The EULAR criteria have been validated in multiple clinical trials, and confirmed in an analysis of nine clinical trials that concluded a high level of agreement and equal validity between ACR and EULAR improvement classifications.28 Good and moderate responders showed significantly more improvement in functional capacity and significantly less progression of joint damage than patients classified as nonresponders.28

Psoriatic Arthritis Measures

Psoriatic Arthritis Response Criteria

The psoriatic arthritis response criteria (PsARC) was initially designed for use in a clinical trial that compared sulphasalazine to placebo in the setting of the Veterans Administration.29 It has since been used as the primary or secondary outcome in all the studies that examined biologics versus placebo in the treatment of PsA. The PsARC includes improvement in at least two of the following, one of which had to be a joint count, and no worsening of any measure: tender or swollen joint count improvement of at least 30%, patient global improvement by one point on a five-point Likert scale, or physician global improvement on the same scale.29

American College of Rheumatology 20

The ACR 20 (American College of Rheumatology 20 percent response) is the other outcome that is used as the primary outcome in clinical trials of biologics.

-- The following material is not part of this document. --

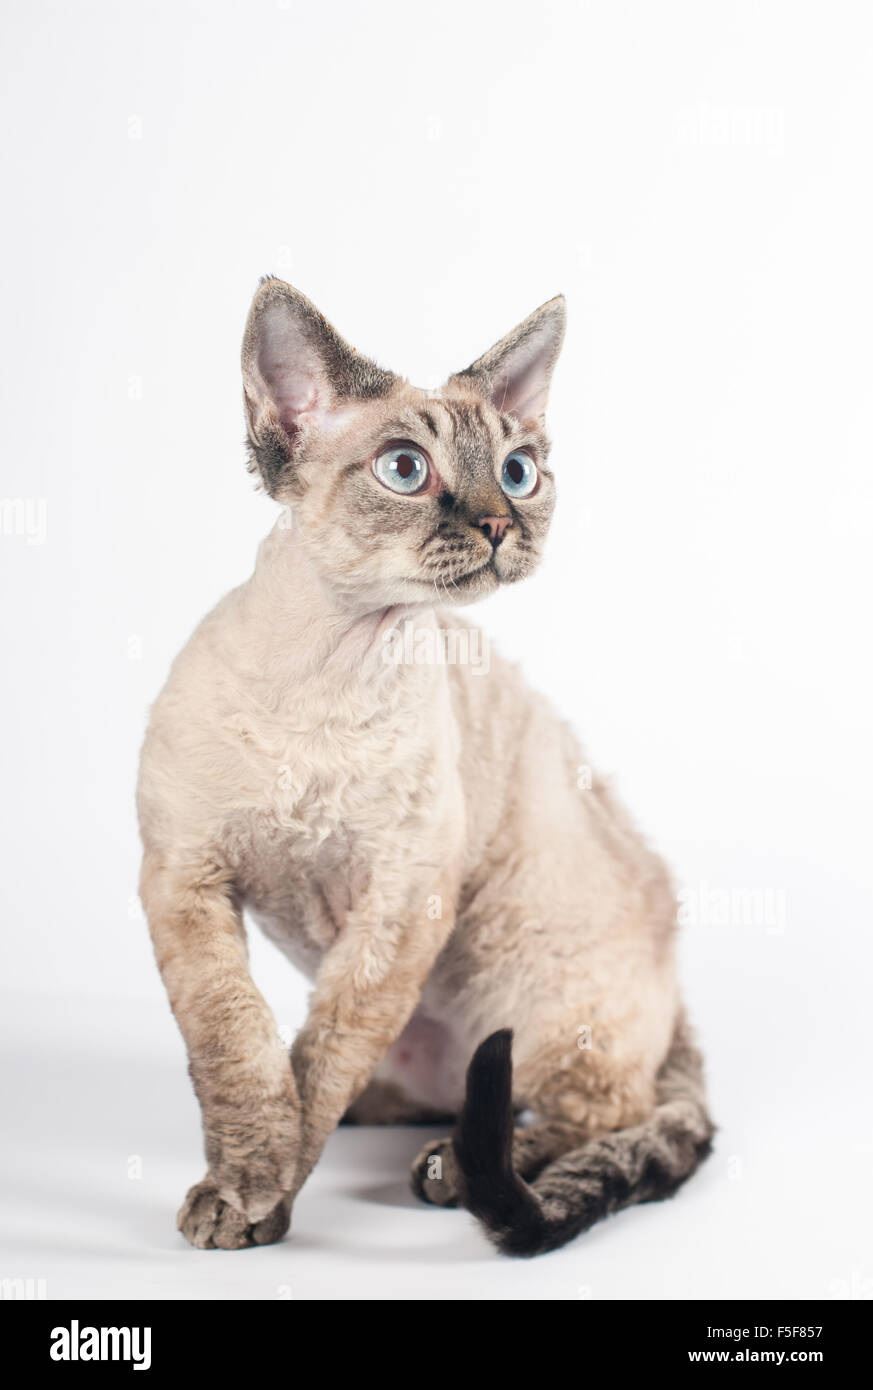 Devon rex cat on white background Stock Photo

The measurement is similar to that of the ACR 20 used for rheumatoid arthritis with modifications made that increased the number of joints tested from 68 tender and 66 swollen to 76 and 78, respectively, with the addition of distal interphalangeal joints of the feet and carpometacarpal joints of the hands.29 The outcomes from the ACR 20 are generally poorer when compared to the PsARC due to the variation in items measured; this is due in part to the need to see an improvement in tender and swollen joints in the ACR 20 versus an improvement in tender or swollen joint counts. An adaptation of the ACR 20 criteria as of 2010 are presented in Table G-2.

Table G-2. 2010 rheumatoid arthritis criteria.

Table G-2

2010 rheumatoid arthritis criteria.

The Psoriasis Area and Severity Index

The Psoriasis Area and Severity Index (PASI) was developed to measure the effect of treatments in clinical trials of psoriasis and is utilized to capture the psoriasis component found in psoriatic arthritis. The scale was originally published in 1978 in a trial of 27 patients suffering from severe chronic generalized psoriasis that were treated with Ro 10-9359, a retinoic acid derivative.30 The PASI is a composite index of disease severity incorporating measures of scaling, erythema, and induration, and it is weighted by severity and affected body surface area. A PASI >12 defines severe, PASI 7–12 moderate, and PASI <7 mild psoriasis.